THE ROVING DIPLOMAT
EAGERLY WAITING TO EXHALE
The threat of US plans to invade Iraq is creating panic around the world
The world is suspended in breathless anxiety as it waits to see whether the US will launch an attack on Iraq because it is a decision that’s bound to impact the globe negatively both economically and politically.
Therefore, the international community is in the throes of a dilemma over the likely outcome of the prevailing confrontation between US President George W. Bush and Iraqi President Saddam Hussein.
Bush’s relentless tirade against Saddam, accusing him of violating the United Nations Security Council resolution and demanding a full report from Bagdad on its weapons, has been accompanied by preparations for a US invasion of Iraq.
Britain is expected to participate in this effort with an amphibious landing operation aimed at capturing the Port of Basra. Speculation is that such an invasion would have to be carried out in February when weather conditions are favourable.
Meanwhile, UN inspectors are engaged in investigating potential sites of arms manufacture. Their efforts include visits to a variety of industrial sites such as chemical plants in accordance with a mandate to find evidence of chemical, biological and nuclear arms. The inspection teams include around 100 personnel from IAEA, which is concerned with the activities of Iraq’s military industries following the exclusion of certain banned items such as Scud missiles, biological warheads, missile fuel, mustard gas shells and chemical bombs.
So far, no adverse reports have been submitted by the team and nor is there evidence of obstruction. It seems that the Iraqi authorities have cooperated in accordance with the terms of the resolution, which obliges Iraq to make an accurate, full and complete declaration of all aspects of its banned weapons programme.
For its part Iraq, has submitted a 12,000 page declaration on its weapons programme but it has been condemned for failing to answer many questions about its chemical, biological and nuclear arsenal.
Head of the UN inspection team Dr. Hans Blix had reported to the UN Security Council in January and it’s possible that the invasion buildup is await-ing a subsequent decision.
As expected, Saddam and the Iraqis have expressed indignation over this undeclared war on Iraq. There is speculation not only about whether the US would actually strike but also the objective of such action and whether it’s simply to overthrow the Iraqi dictator through a show of force.
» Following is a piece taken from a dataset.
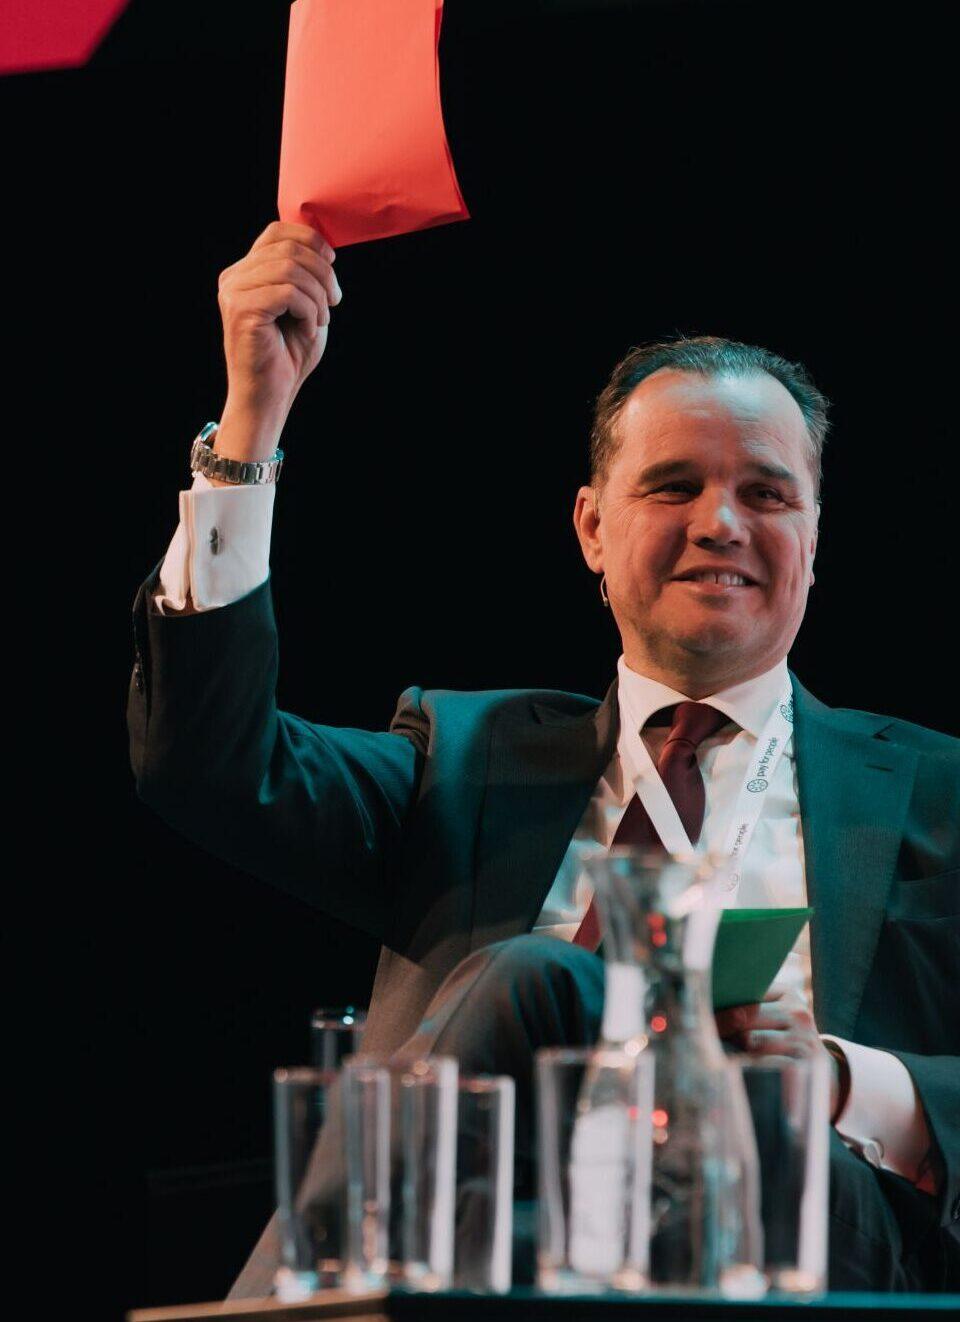 Patrick Bakker tijdensDVDU 2021

On the other hand, it’s not easy for Bush to back down at this stage from his commitment to overthrow Saddam. His final decision will eventually depend on the verdict of the UN Security Council and it’s hoped that there will be a face-saving formula for all concerned.
Ironically, a problem similar to that posed by Iraq has arisen in North Korea. Pyongyang has disclosed the presence of a secret nuclear weapons programme that can produce weapons-grade plutonium.
Like Iraq in the past, it has expelled UN inspectors monitoring its programme – and announced that it would no longer abide by the Treaty on the Non-Proliferation of Nuclear Weapons. This declaration in the context of the US confrontation with Iraq is certainly a blow aimed at Washington.
The revelation exploits the US’ current problem with Iraq and poses a challenge to the world’s only superpower. In fact, the Supreme Leader of North Korea Kim Jong-il has described this action as an act of self-defence and called the US an “aggressor.”
South Korea is at the forefront of initiatives to find a solution to the North Korean nuclear threat and Beijing has shown an unusual interest in playing a negotiating role along with Seoul. In fact, Bush has pointedly referred to China as a vital diplomatic partner in achieving a nuclear weapon-free peninsula.
Meanwhile, a noteworthy event has taken place in Kenya with the overthrow of its ruling party, which had held power for almost 40 years. This change could mean the beginning of a new era for the country and perhaps herald the dawn of a new Africa.
President Mwai Kibaki replaced Daniel arap Moi who had been in office for almost 25 years and was the last of the old style African autocrats. This change has introduced a new political order to Kenya.
Moi and his associates had plundered the resources of the country in a regime marked by corruption and graft. And Kibaki has announced his intention to frame charges against those responsible for plundering billions of state funds.
Needless to say, its principal victims are the people of Kenya who have been reduced to levels of want and poverty – this, in a land that was once rich in tea and coffee plantations.